Task statement = Give back each line of the data exactly as it reads, minus the pictures.
--- Collected data Enclosed Below ---
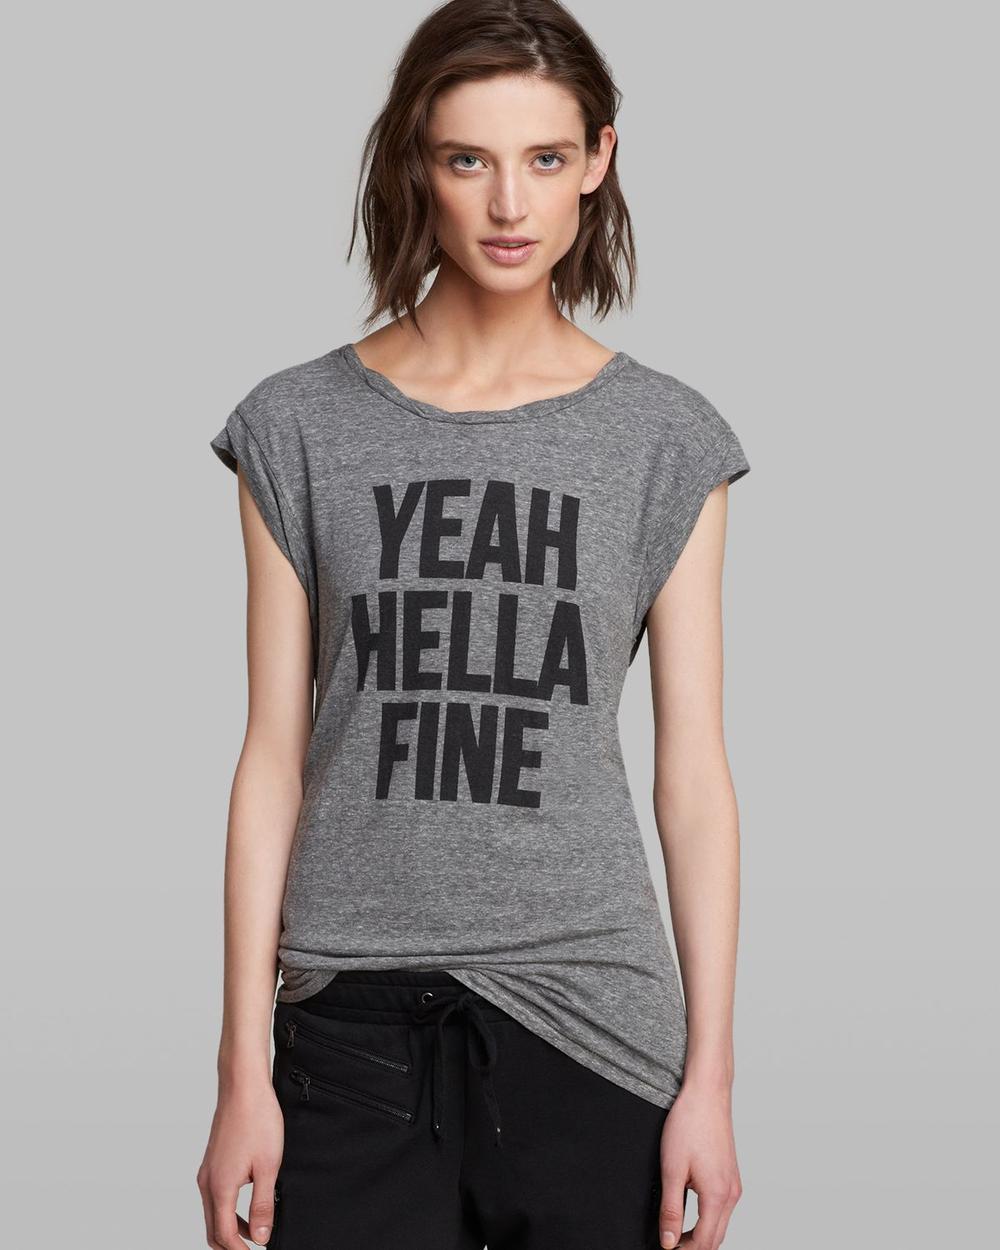 pam-gela-gray-muscle-tee-logo-print-slash-back-t-shirts-product-1-21032331-1-203436300-normal.jpeg
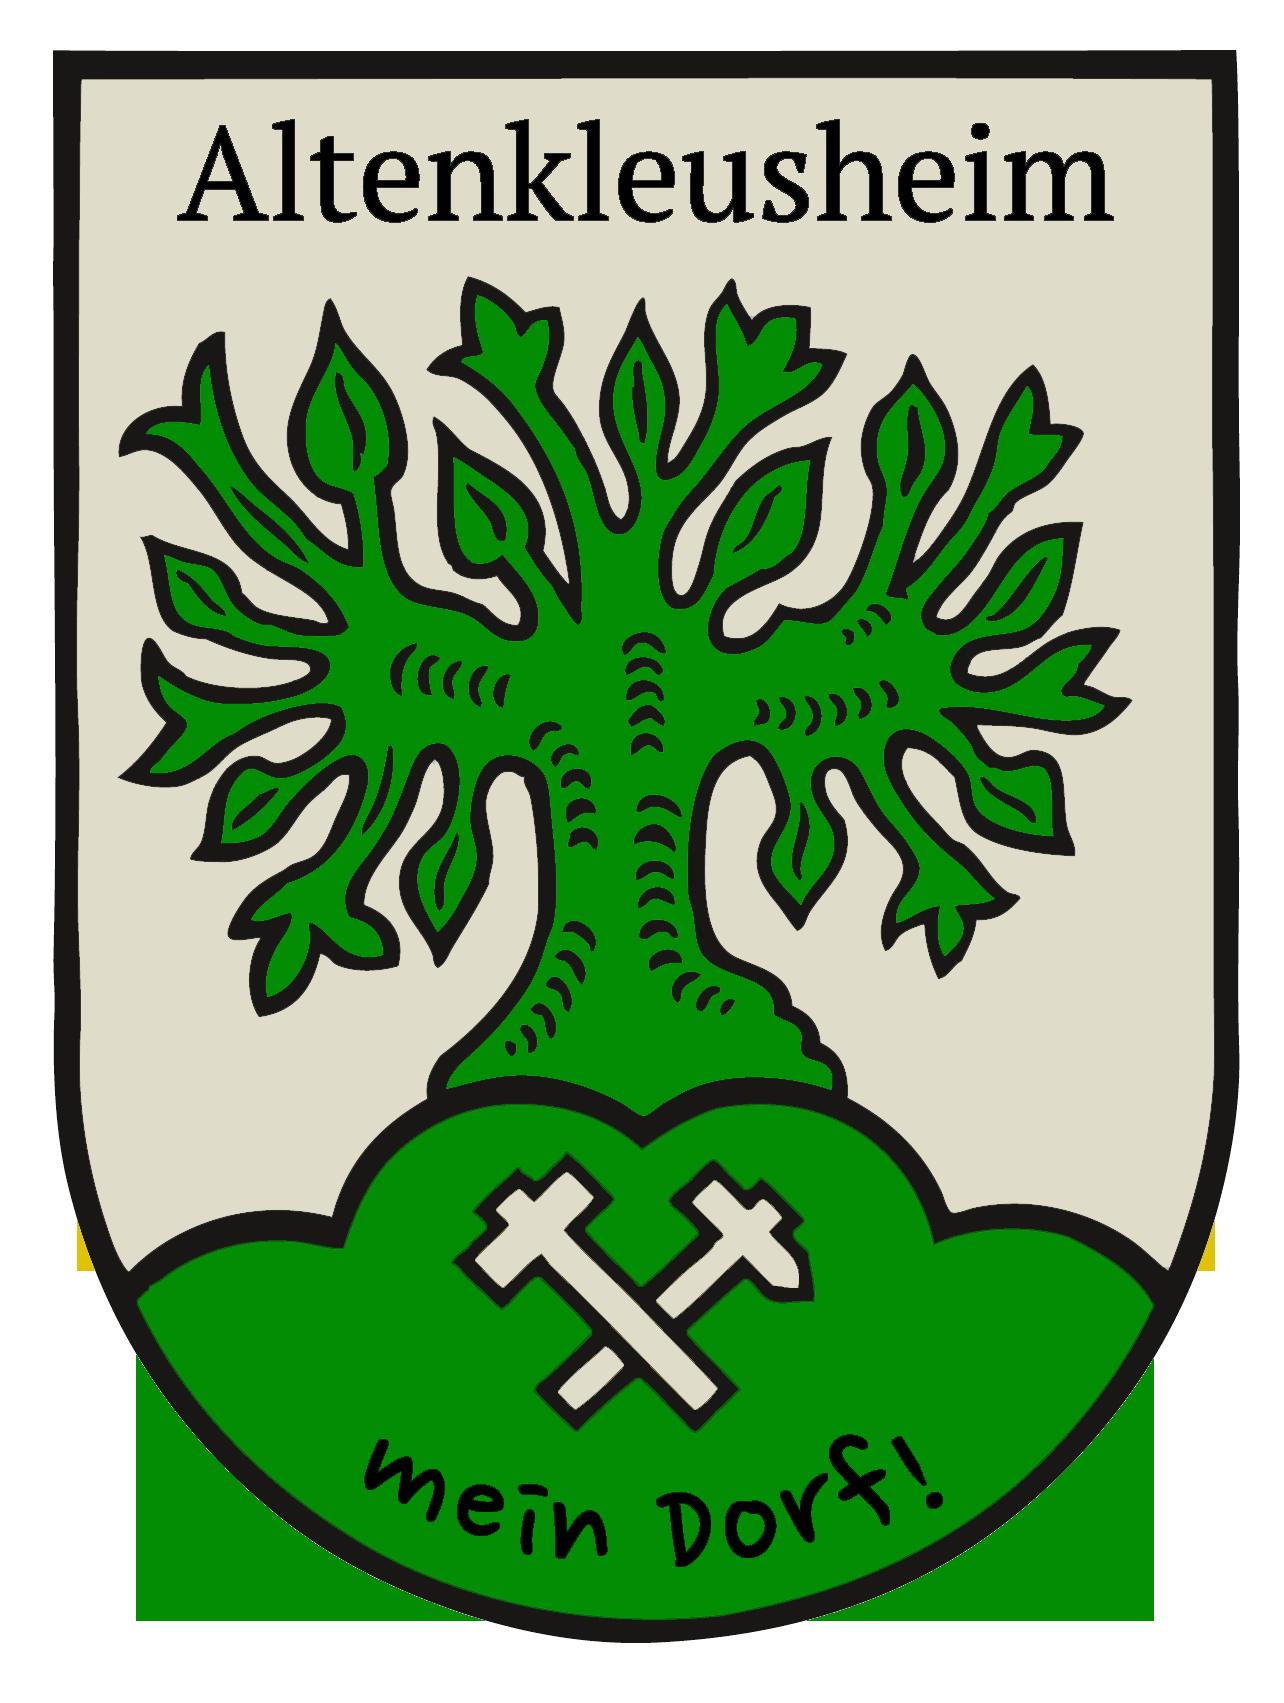 Altenkleusheim
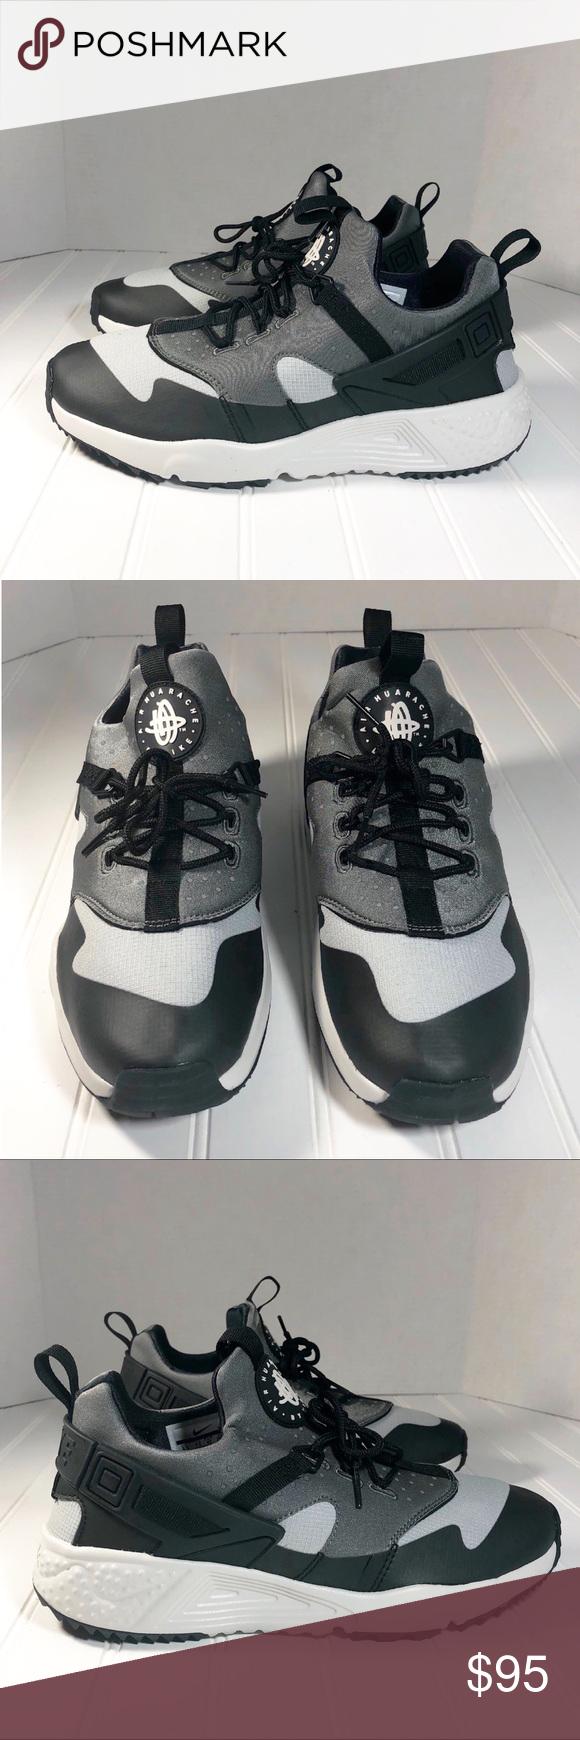 huge discount 3ec79 6d294 Nike Huarache Utility Gray 806807-003 Size 8.5 New without box Nike  Huarache Utility Base Gray Style ID  806807-003 Brand  Nike Color  Silver Black White  ...
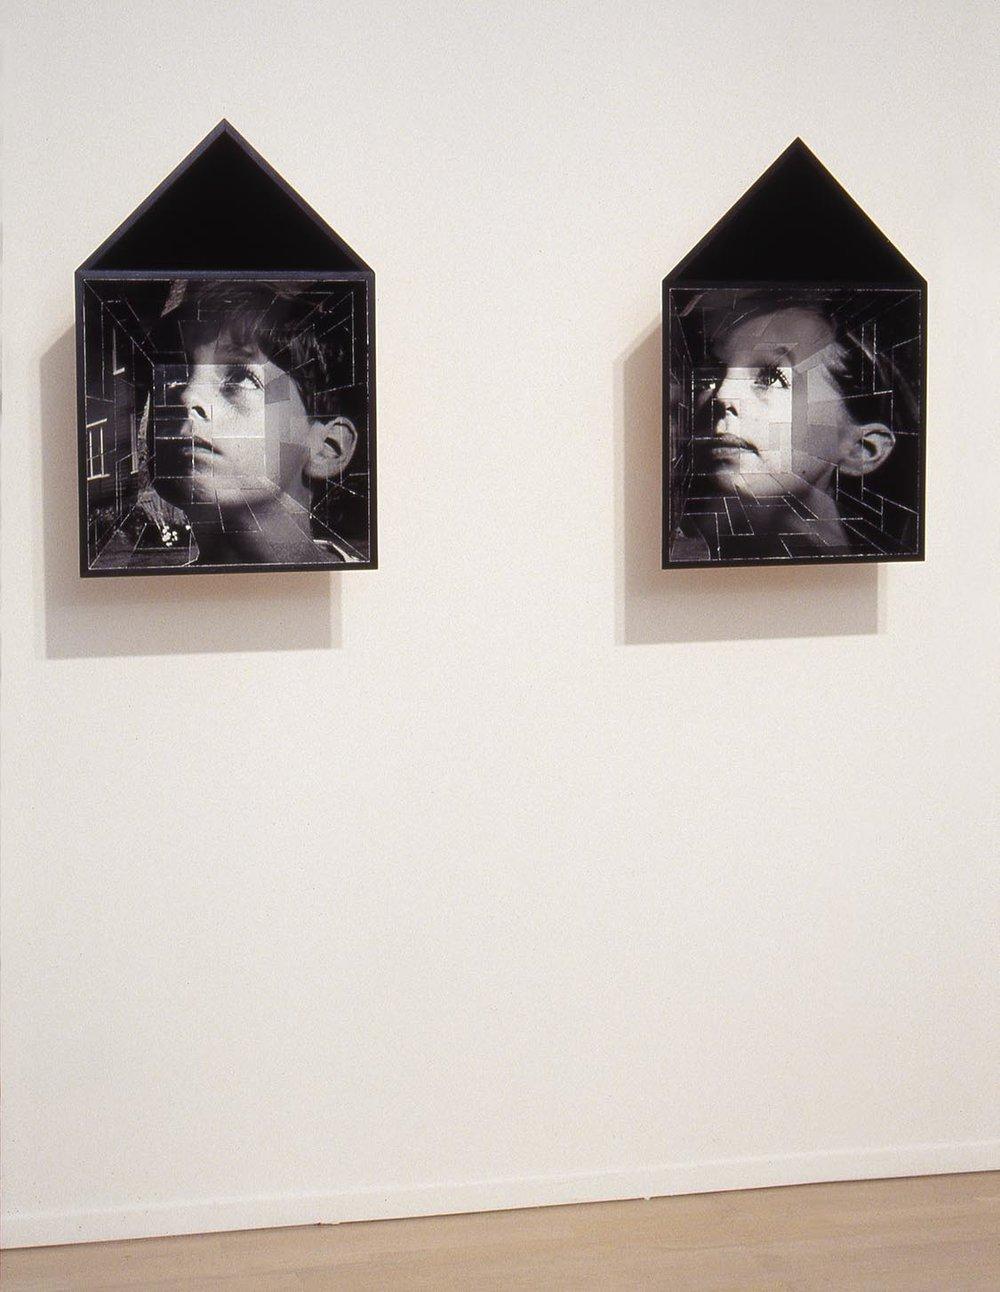 Thierry et Mayalène (Thierry And Mayalène), 1993
--- End of Enclosed Collected data ---
Exercise solution =
 pam-gela-gray-muscle-tee-logo-print-slash-back-t-shirts-product-1-21032331-1-203436300-normal.jpeg
 Altenkleusheim
 huge discount 3ec79 6d294 Nike Huarache Utility Gray 806807-003 Size 8.5 New without box Nike  Huarache Utility Base Gray Style ID  806807-003 Brand  Nike Color  Silver Black White  ...
 Thierry et Mayalène (Thierry And Mayalène), 1993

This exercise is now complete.